【51Nod 1222】最小公倍数计数

http://www.51nod.com/onlineJudge/questionCode.html#!problemId=1222

求\([a,b]\)中的个数转化为求\([1,b]\)中的个数减去\([1,a)\)中的个数。

\[\begin{aligned}
&\sum_{i=1}^n\sum_{j=1}^n\left[\frac{ij}{(i,j)}\leq n\right]\\
=&\sum_{d=1}^n\sum_{i=1}^{\left\lfloor\frac nd\right\rfloor}\sum_{j=1}^{\left\lfloor\frac nd\right\rfloor}[(i,j)=1][ijd\leq n]\\
=&\sum_{d=1}^n\sum_{i=1}^{\left\lfloor\frac nd\right\rfloor}\sum_{j=1}^{\left\lfloor\frac nd\right\rfloor}\sum_{d'|(i,j)}\mu(d')[ijd\leq n]\\
=&\sum_{d=1}^n\sum_{d'=1}^{\left\lfloor\frac nd\right\rfloor}\mu(d')\sum_{i=1}^{\left\lfloor\frac n{dd'}\right\rfloor}\sum_{j=1}^{\left\lfloor\frac n{dd'}\right\rfloor}\left[ijdd'^2\leq n\right]\\
=&\sum_{d'=1}^{\left\lfloor\sqrt n\right\rfloor}\mu(d')\sum_{d=1}^{\left\lfloor\frac n{d'}\right\rfloor}\sum_{i=1}^{\left\lfloor\frac n{dd'}\right\rfloor}\sum_{j=1}^{\left\lfloor\frac n{dd'}\right\rfloor}\left[ijd\leq\left\lfloor\frac n{d'^2}\right\rfloor\right]\\
\end{aligned}
\]

枚举\(\left\lfloor\sqrt n\right\rfloor\)个\(d'\)，对于每个\(d'\)，先假定\(d\leq i\leq j\)，枚举\(\left\lfloor\left(\frac n{d'}\right)^{\frac 13}\right\rfloor\)个\(d\)，\(i\)再从\(d\)枚举到\(\left\lfloor\left(\frac n{dd'}\right)^{\frac 12}\right\rfloor\)，最后计算\(j\)的个数，乘上一个排列数即可。
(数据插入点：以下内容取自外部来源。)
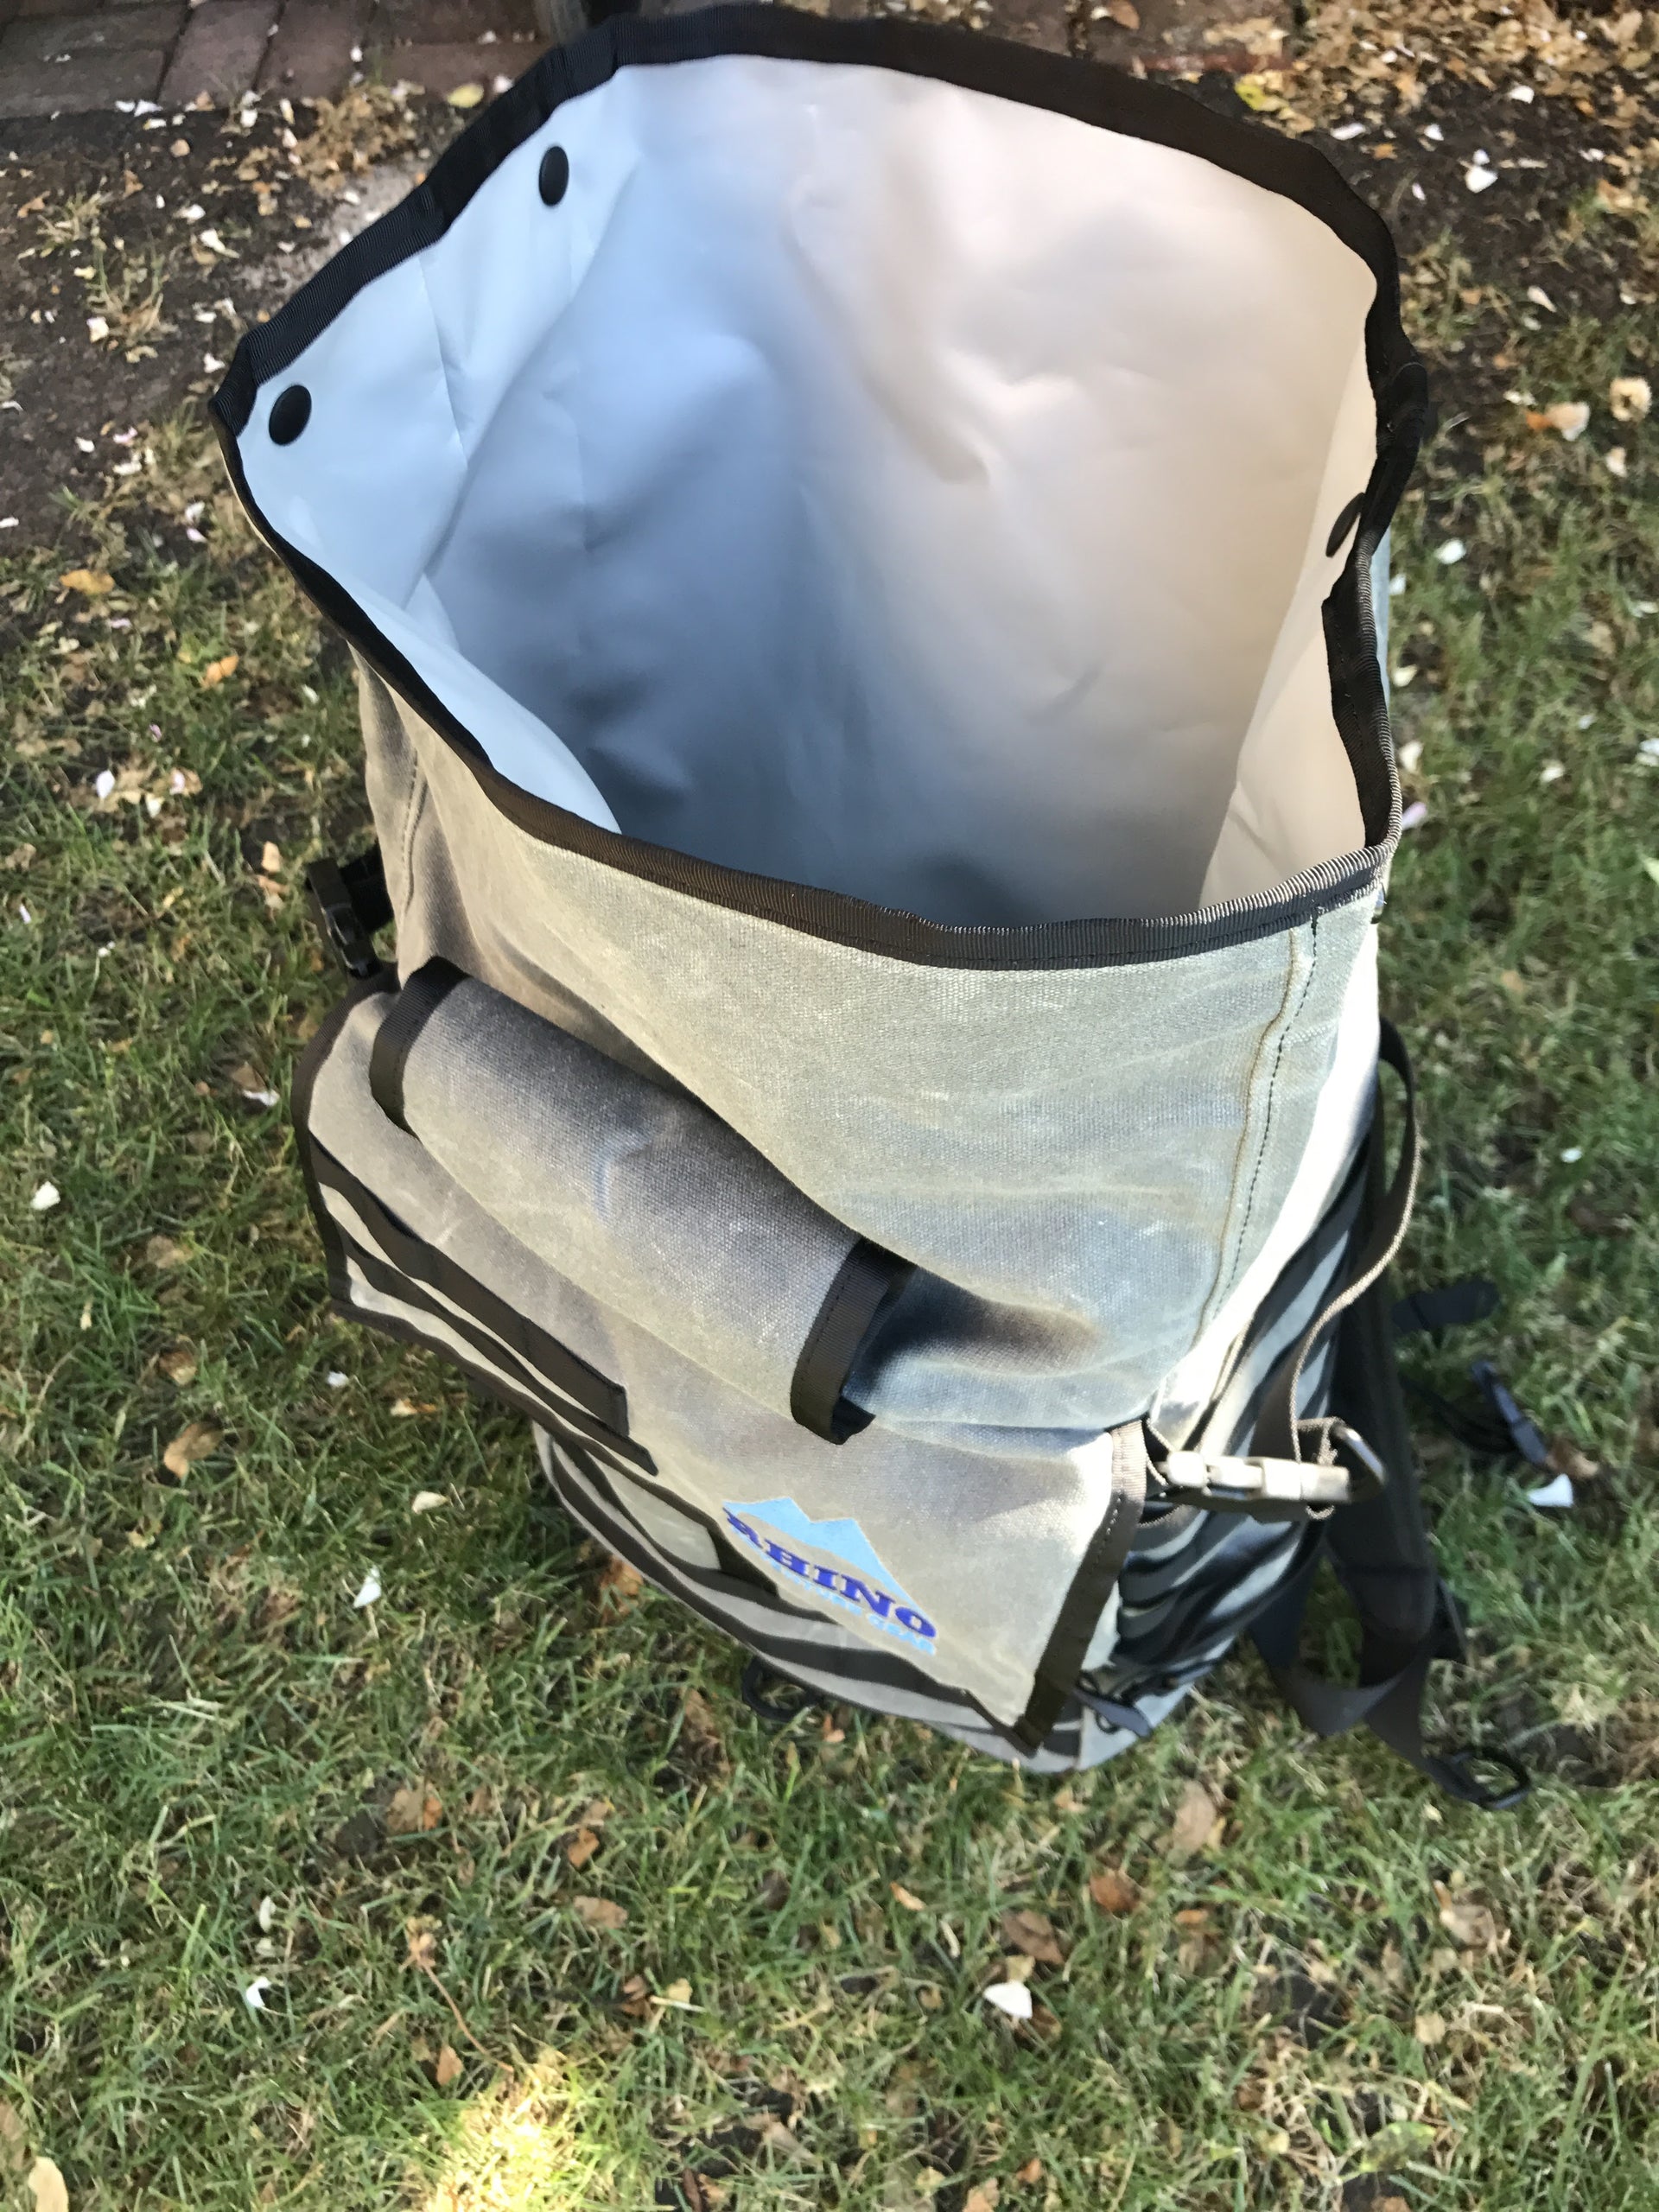 View inside waterproof inner lining of Rhino Adventure Gear's handmade Adventure Backpack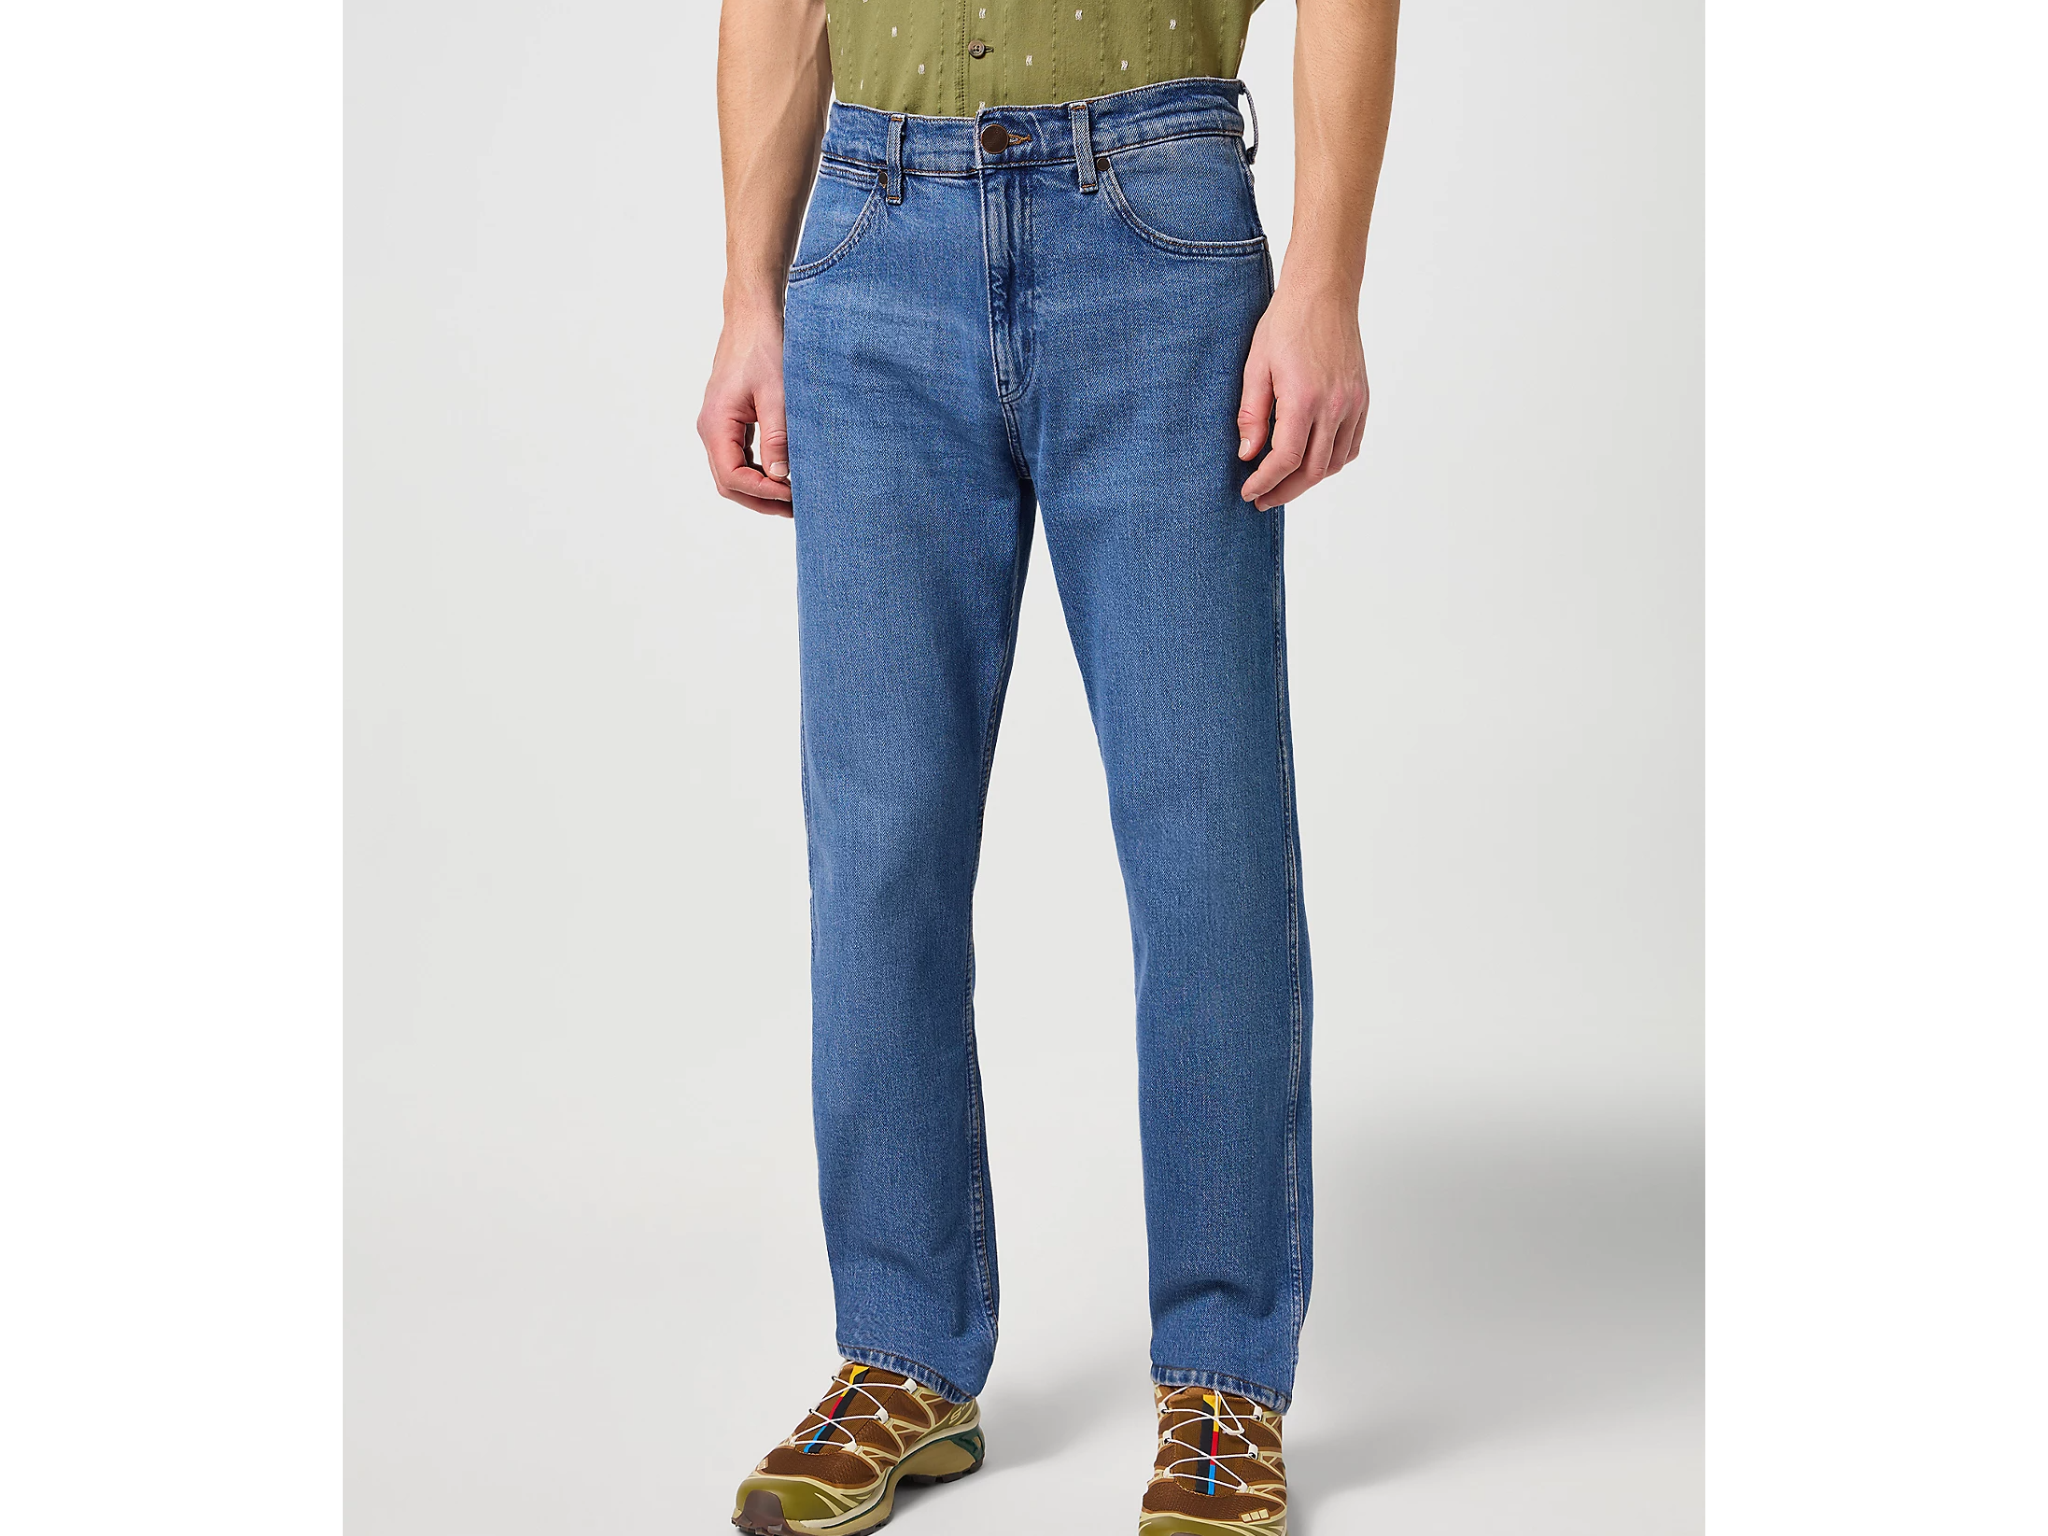 Wrangler frontier jeans

\(f(x)\)表示对每个\(d'\)计算的复杂度。

时间复杂度为\(O\left(\sum\limits_{d'=1}^{\left\lfloor\sqrt n\right\rfloor}f(d')\right)\)。

\[\begin{aligned}
f(x)=&\int_{0}^{\left(\frac n{x^2}\right)^{\frac 13}}\left(\left(\frac n{x^2i}\right)^{\frac 12}-i\right)di\\
=&\left(\frac n{x^2}\right)^{\frac 12}\int_0^{\left(\frac n{x^2}\right)^{\frac 13}}i^{-\frac 12}di-\int_0^{\left(\frac n{x^2}\right)^{\frac 13}}idi\\
=&\left(\frac n{x^2}\right)^{\frac 12}\left(2\left({\left(\frac n{x^2}\right)^{\frac 13}}\right)^{\frac 12}-2\right)-\left(\frac 12\left({\left(\frac n{x^2}\right)^{\frac 13}}\right)^2\right)\\
=&\frac 34\left(\frac n{x^2}\right)^{\frac 23}-2\left(\frac n{x^2}\right)^{\frac 12}
\end{aligned}
\]

\[\begin{aligned}
&O\left(\sum_{d'=1}^{\left\lfloor\sqrt n\right\rfloor}f(d')\right)\\
=&O\left(\int_0^{\sqrt n}\left(\frac n{x^2}\right)^{\frac 23}dx\right)\\
=&O\left(n^{\frac 23}\int_0^{\sqrt n}x^{-\frac 43}dx\right)\\
=&O\left(n^{\frac 23}\left(\left(-3\sqrt{n}^{-\frac 13}\right)-\left(-3\times0^{-\frac 13}\right)\right)\right)\\
=&O\left(3n^{\frac 23}-3n^{\frac 12}\right)\\
=&O\left(n^{\frac 23}\right)
\end{aligned}
\]

所以总时间复杂度为\(O\left(n^{\frac 23}\right)\)，好神奇啊qwq

#include<cstdio>
#include<cstring>
#include<algorithm>
using namespace std;
typedef long long ll;

const int sq = 316228;

bool notp[sq + 1];
int mu[sq + 1], prime[sq], num = 0;

void Euler_shai() {
	mu[1] = 1;
	for (int i = 2; i <= sq; ++i) {
		if (!notp[i]) prime[++num] = i, mu[i] = -1;
		for (int j = 1; j <= num && prime[j] * i <= sq; ++j) {
			notp[prime[j] * i] = true;
			if (i % prime[j] == 0)
				break;
			mu[prime[j] * i] = -mu[i];
		}
	}
}

ll a, b;

ll cal(ll n) {
	ll ret = 0;
	for (int d = 1; 1ll * d * d <= n; ++d)
		if (mu[d]) {
			ll up = n / d / d, r = 0;
			for (int i = 1; 1ll * i * i * i <= up; ++i) {
				ll up2 = up / i;
				r += (up2 / i - i) * 3 + 1;
				for (int j = i + 1; 1ll * j * j <= up2; ++j)
					r += (up2 / j - j) * 6 + 3;
			}
			mu[d] > 0 ? ret += r : ret -= r;
		}
	return (ret + n) >> 1;
}

int main() {
	scanf("%lld%lld", &a, &b);
	Euler_shai();
	printf("%lld\n", cal(b) - cal(a - 1));
	return 0;
}